In adding your opinion to the Chicago teacher’s strike, you considered that today’s inner-city urban schools, “echo the ‘separate but equal’ system of the early 1950s. In the Chicago Public Schools where teachers are now on strike, 86 percent of children are black or Hispanic, and 87 percent come from low-income families.”
In this opinion piece, you also made the good points that I look for in your columns:
- The single most important step we could take has nothing to do with unions and everything to do with providing early-childhood education to at-risk kids.
- Teachers need to be much better paid to attract the best college graduates to the nation’s worst schools.
However, you lost me at, “How does one figure out who is a weak teacher?”

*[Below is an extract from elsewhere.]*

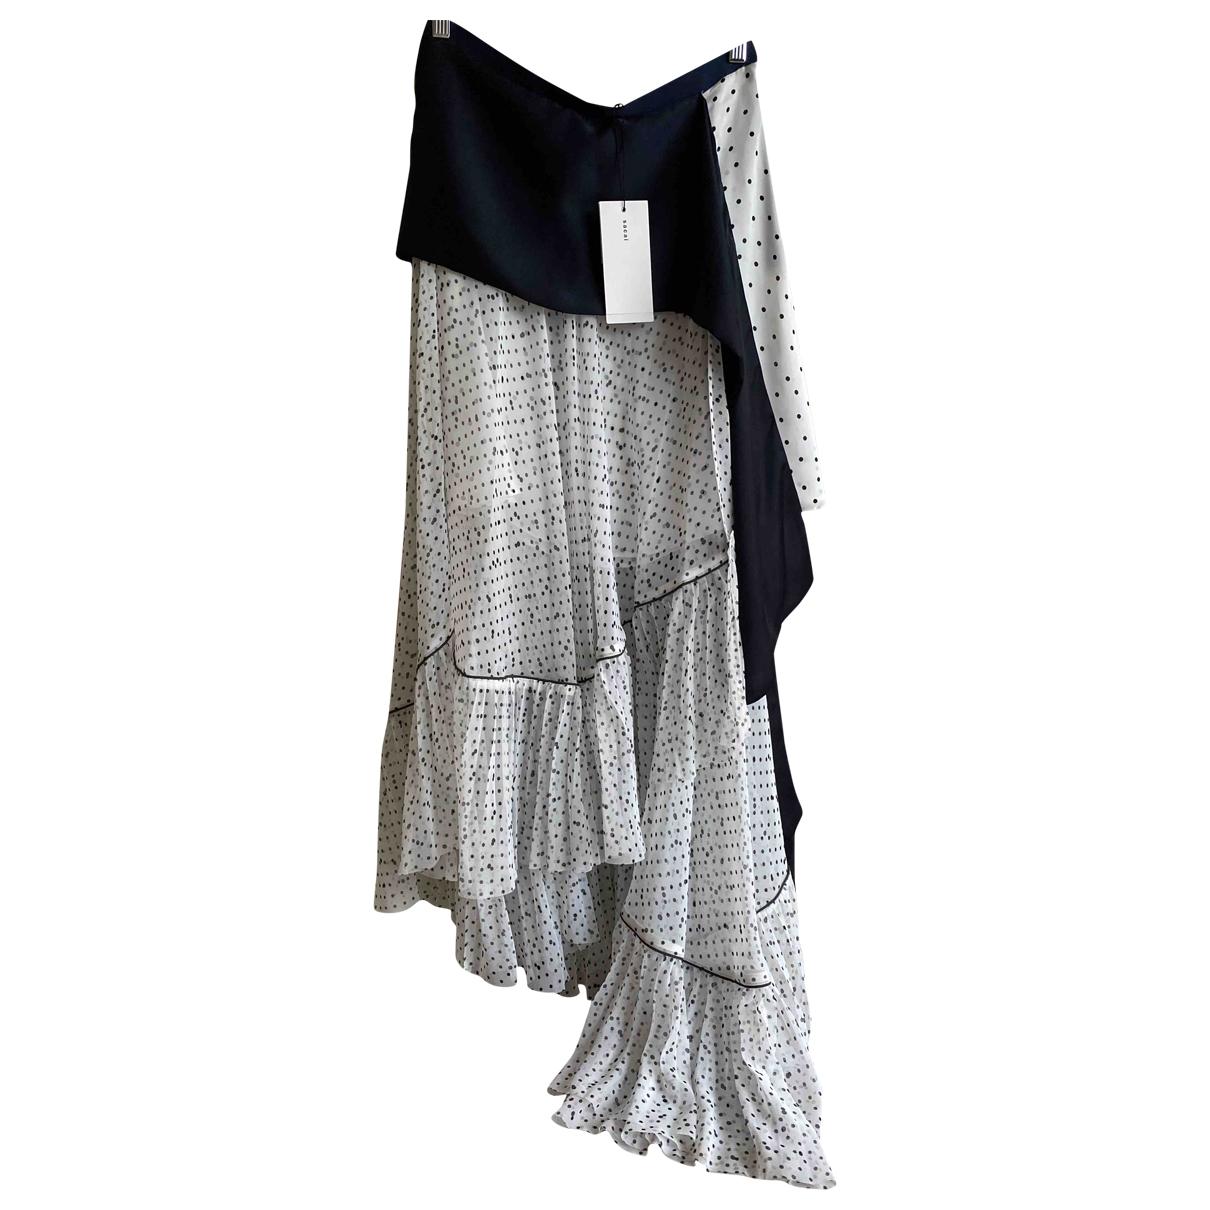 Sacai \N Multicolour skirt for Women 3 0-5

Your solution is to have schools look at value added measurements (VAM) using test data. You suggest that researchers are improving the use of VAM and that, “with three years of data, it’s usually possible to tell which teachers are failing.”
Before you put your faith in VAM, you might have perused, John Ewing’s article “Mathematical Intimidation: Driven by the Data” i
n the publication Notices of the American Mathematic Society.
Ewing’s thesis in the article addresses a common misuse of mathematics that “is simpler, more pervasive, and (alas) more insidious: mathematics employed as a rhetorical weapon—an intellectual credential to convince the public that an idea or a process is ‘objective’ and hence better than other competing ideas or processes.”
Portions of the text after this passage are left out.